INFORMATION PROVIDED ->
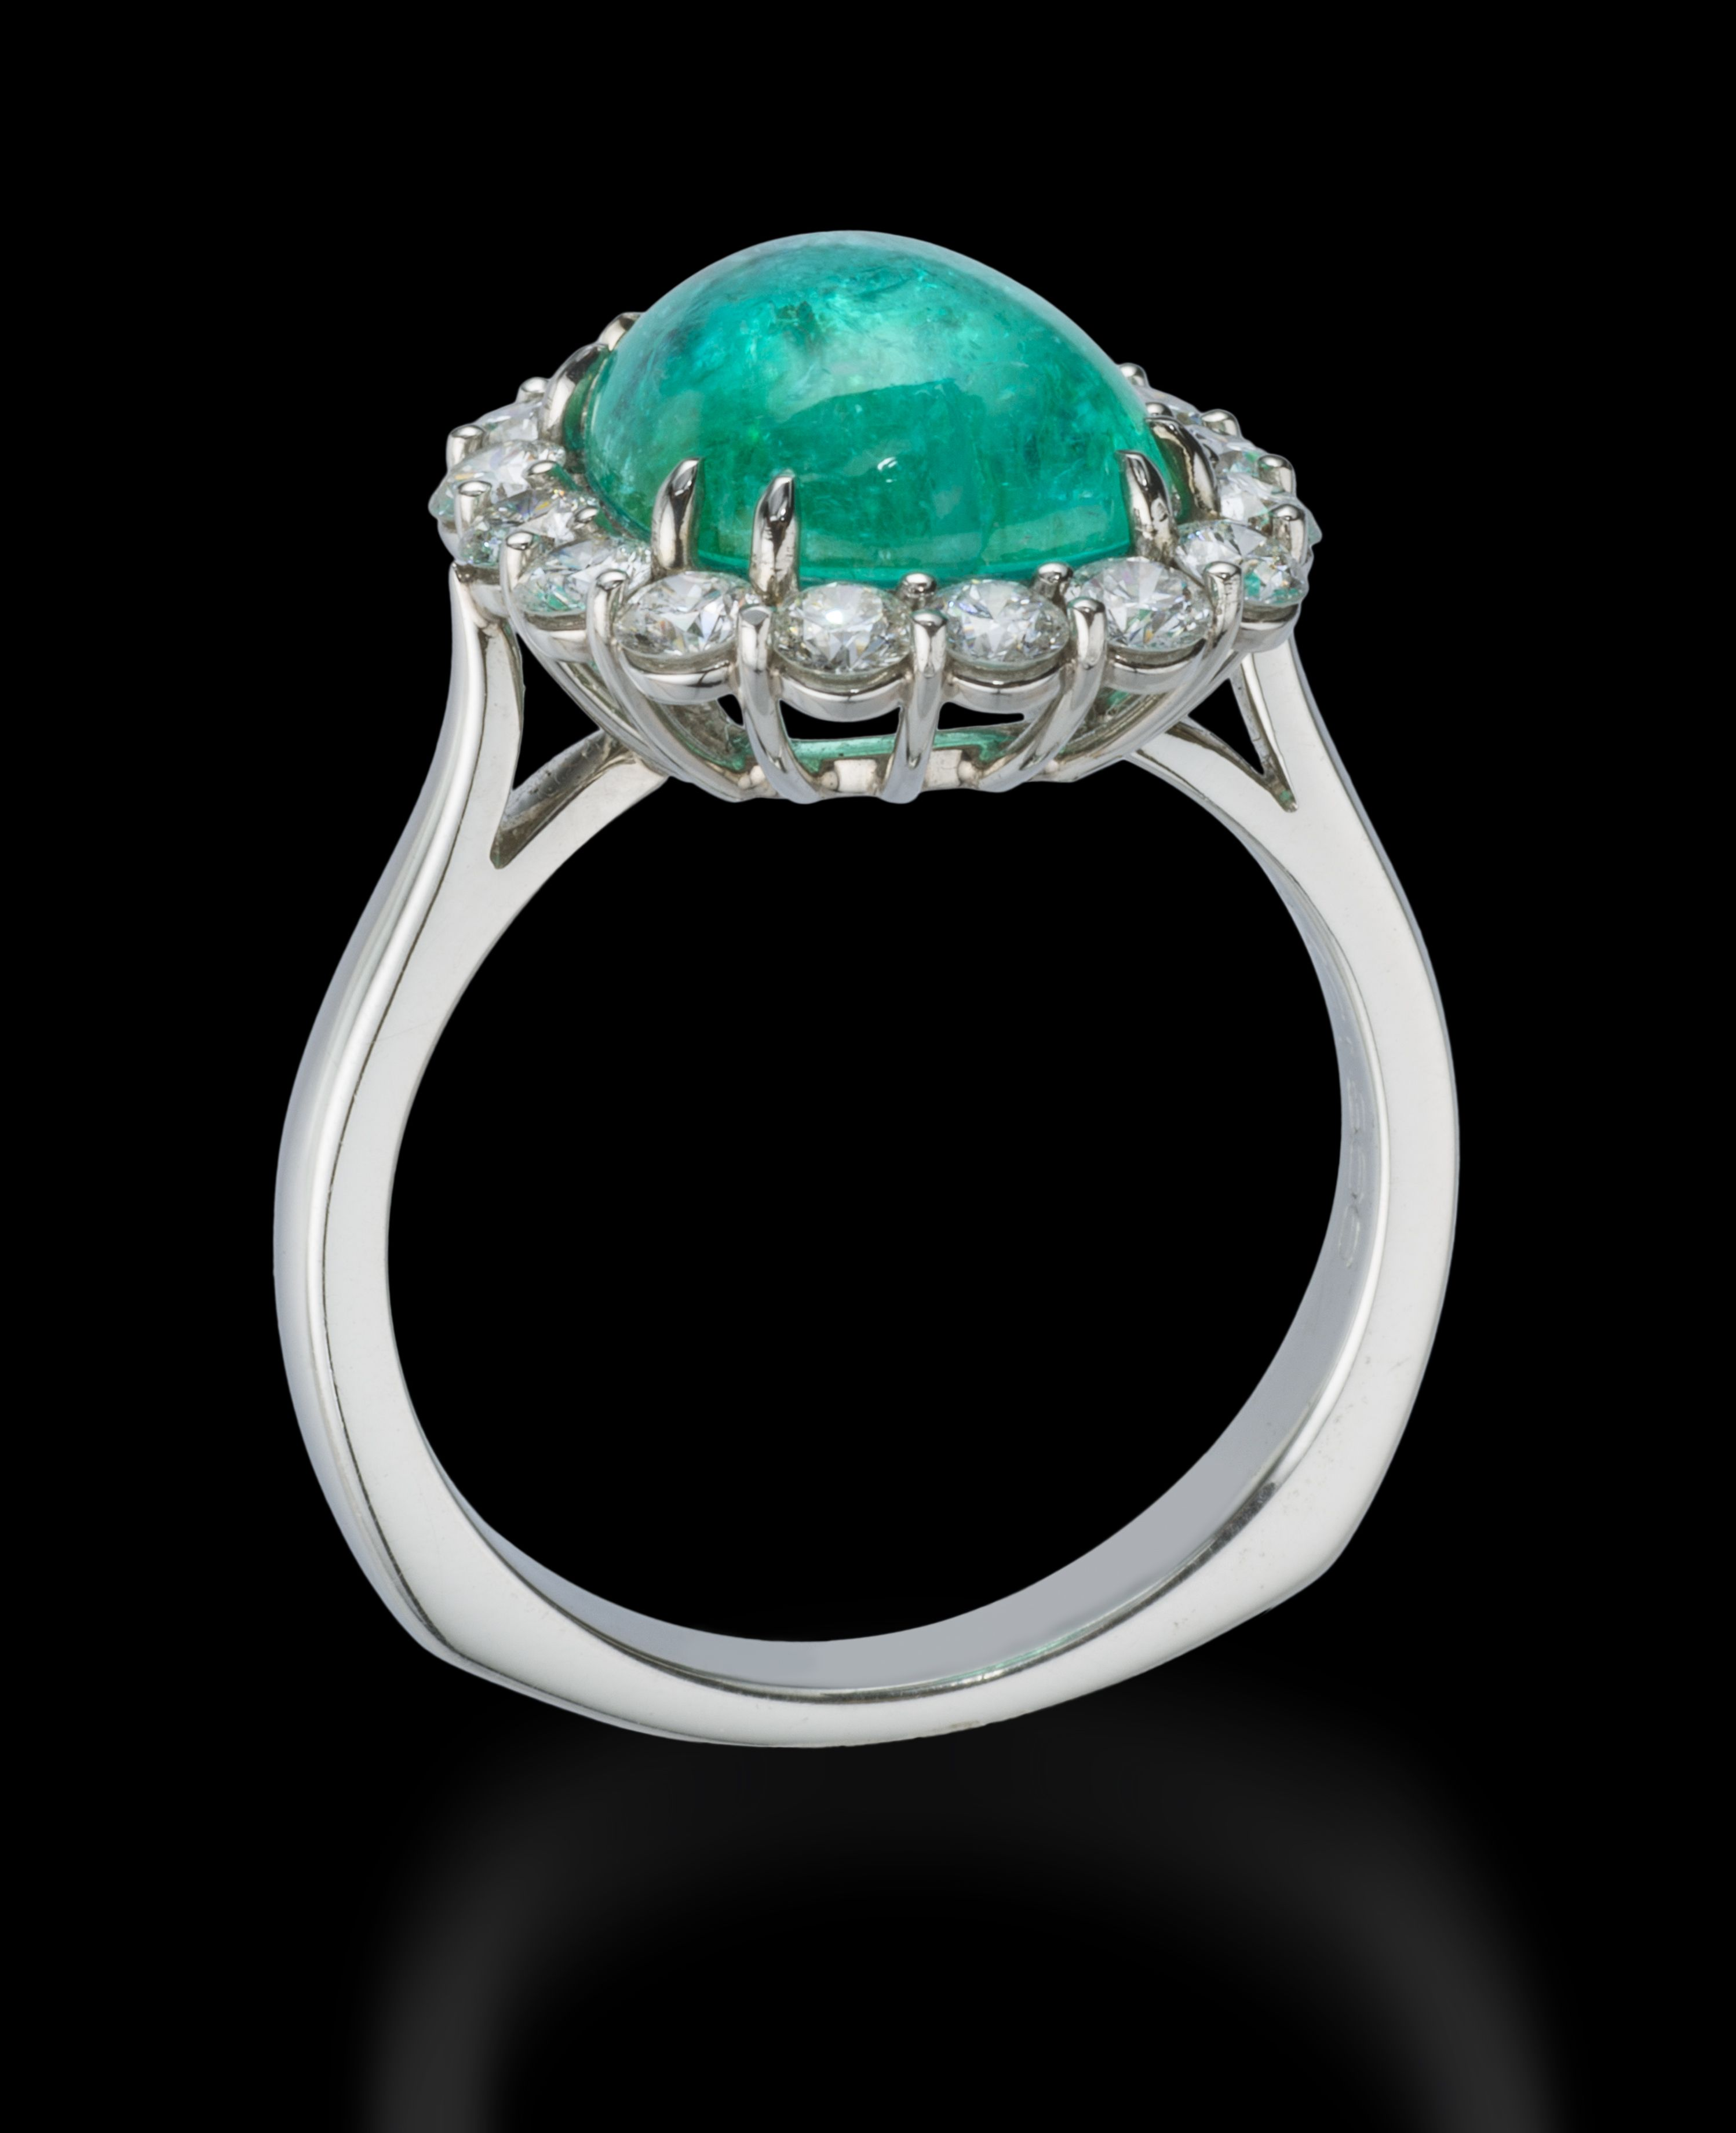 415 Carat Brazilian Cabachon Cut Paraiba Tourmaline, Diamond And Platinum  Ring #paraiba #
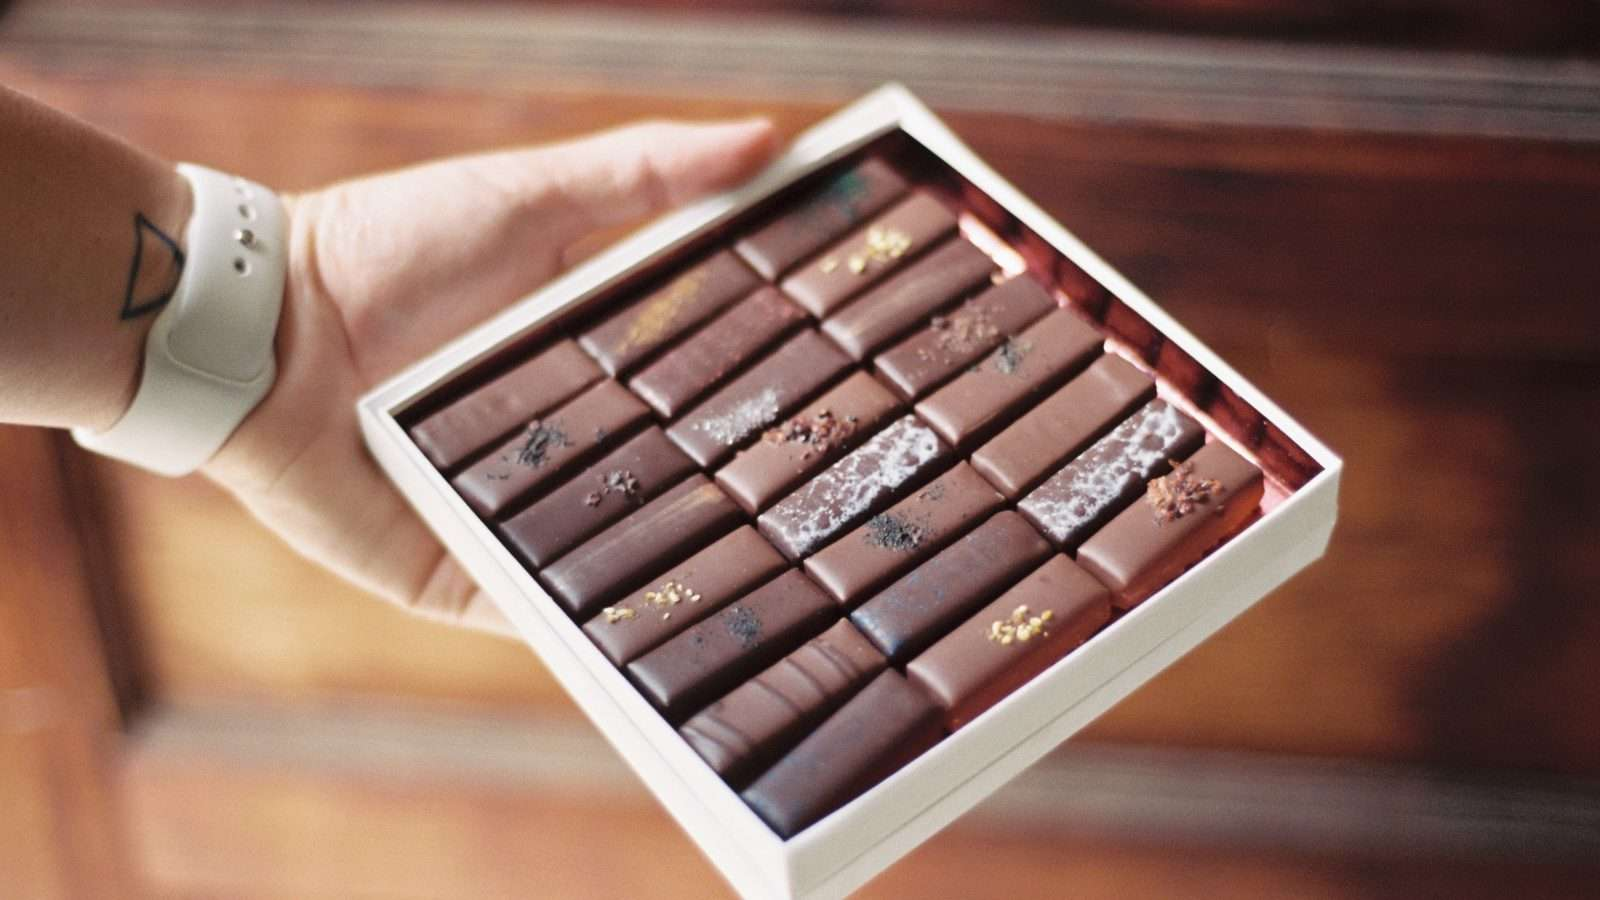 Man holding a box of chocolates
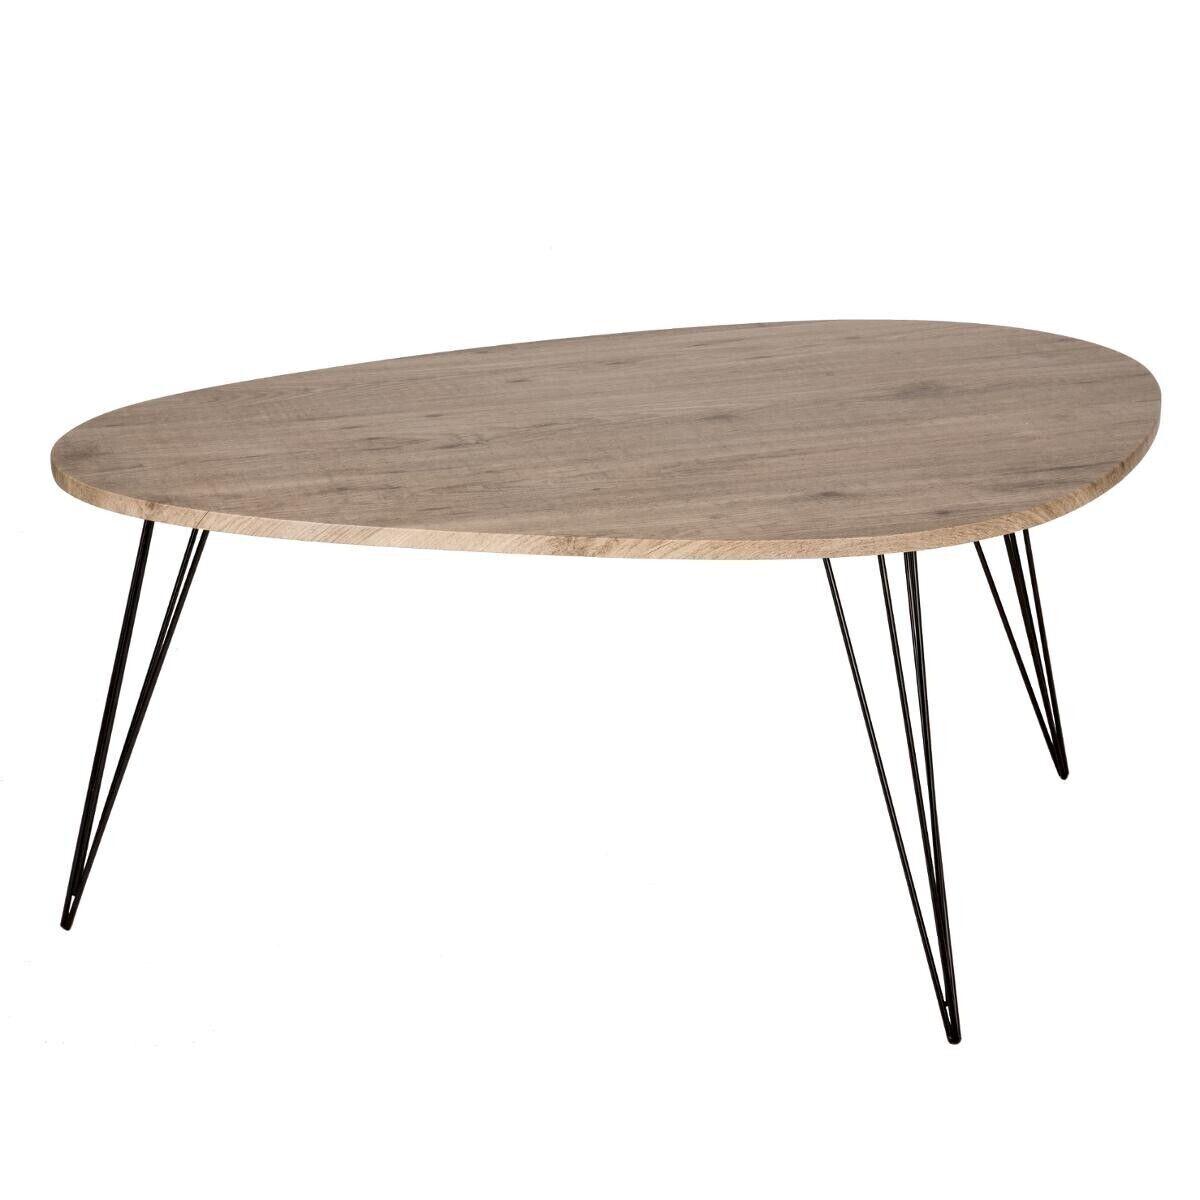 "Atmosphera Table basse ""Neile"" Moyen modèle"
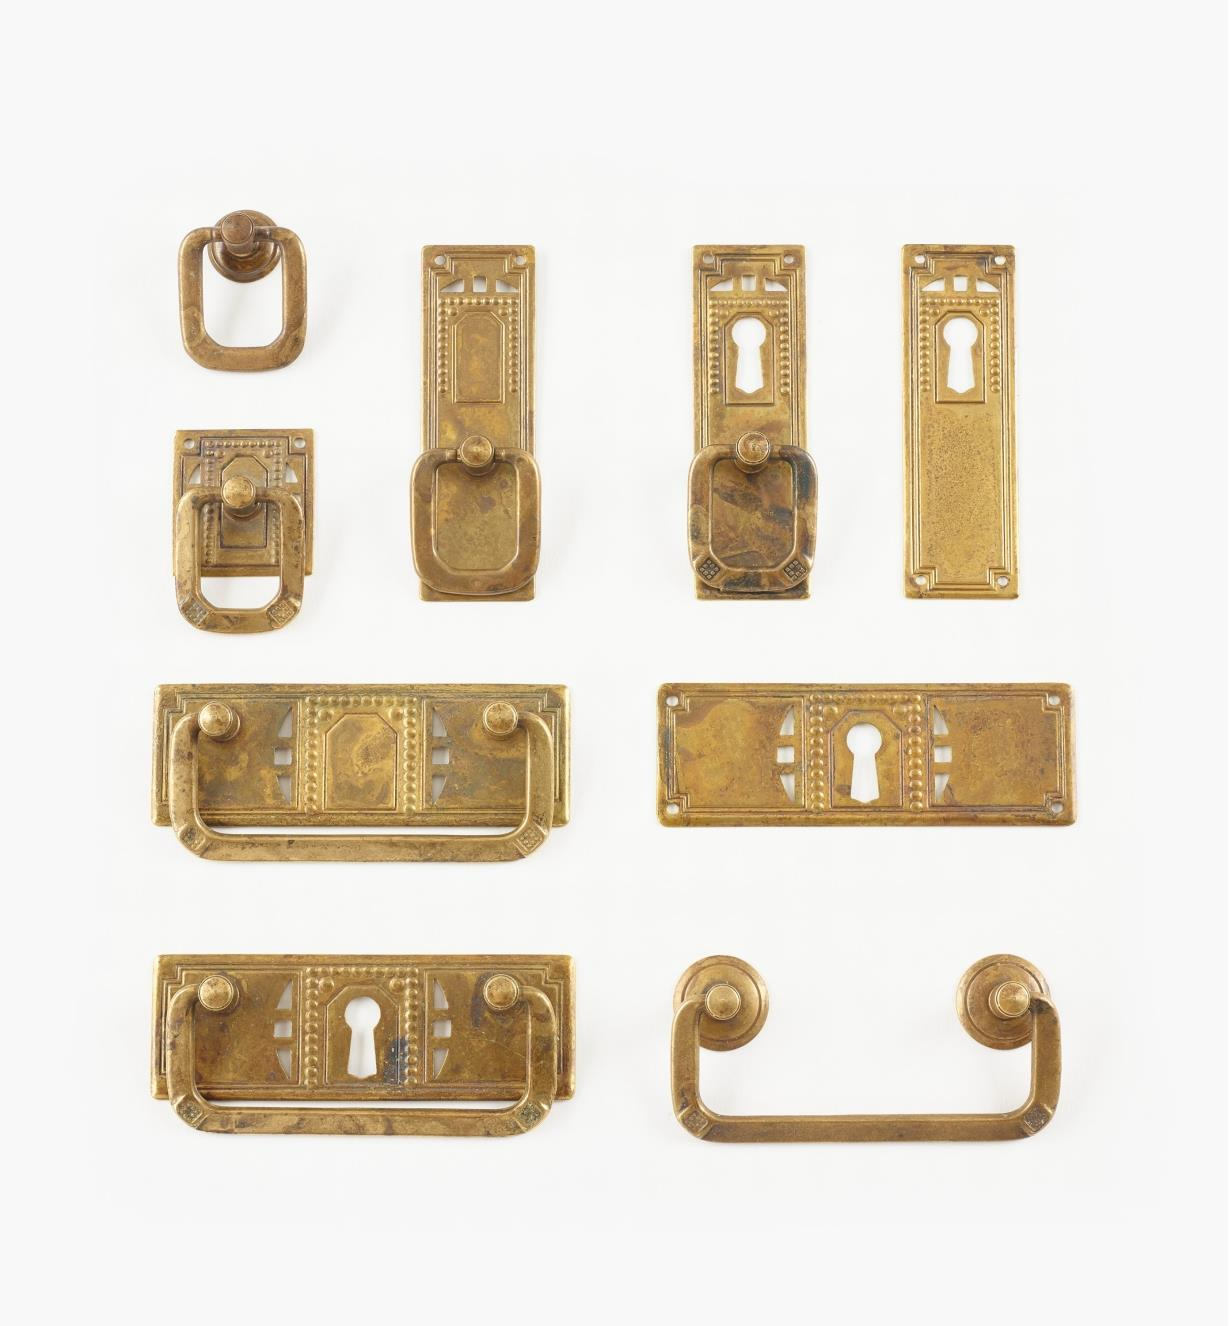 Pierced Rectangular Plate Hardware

WHAT NEEDS TO BE DONE -> This task asks for the data above repeated exactly, without a single picture.

RESULT BELOW ->
 415 Carat Brazilian Cabachon Cut Paraiba Tourmaline, Diamond And Platinum  Ring #paraiba #
 Man holding a box of chocolates
 "Atmosphera Table basse ""Neile"" Moyen modèle"
 Pierced Rectangular Plate Hardware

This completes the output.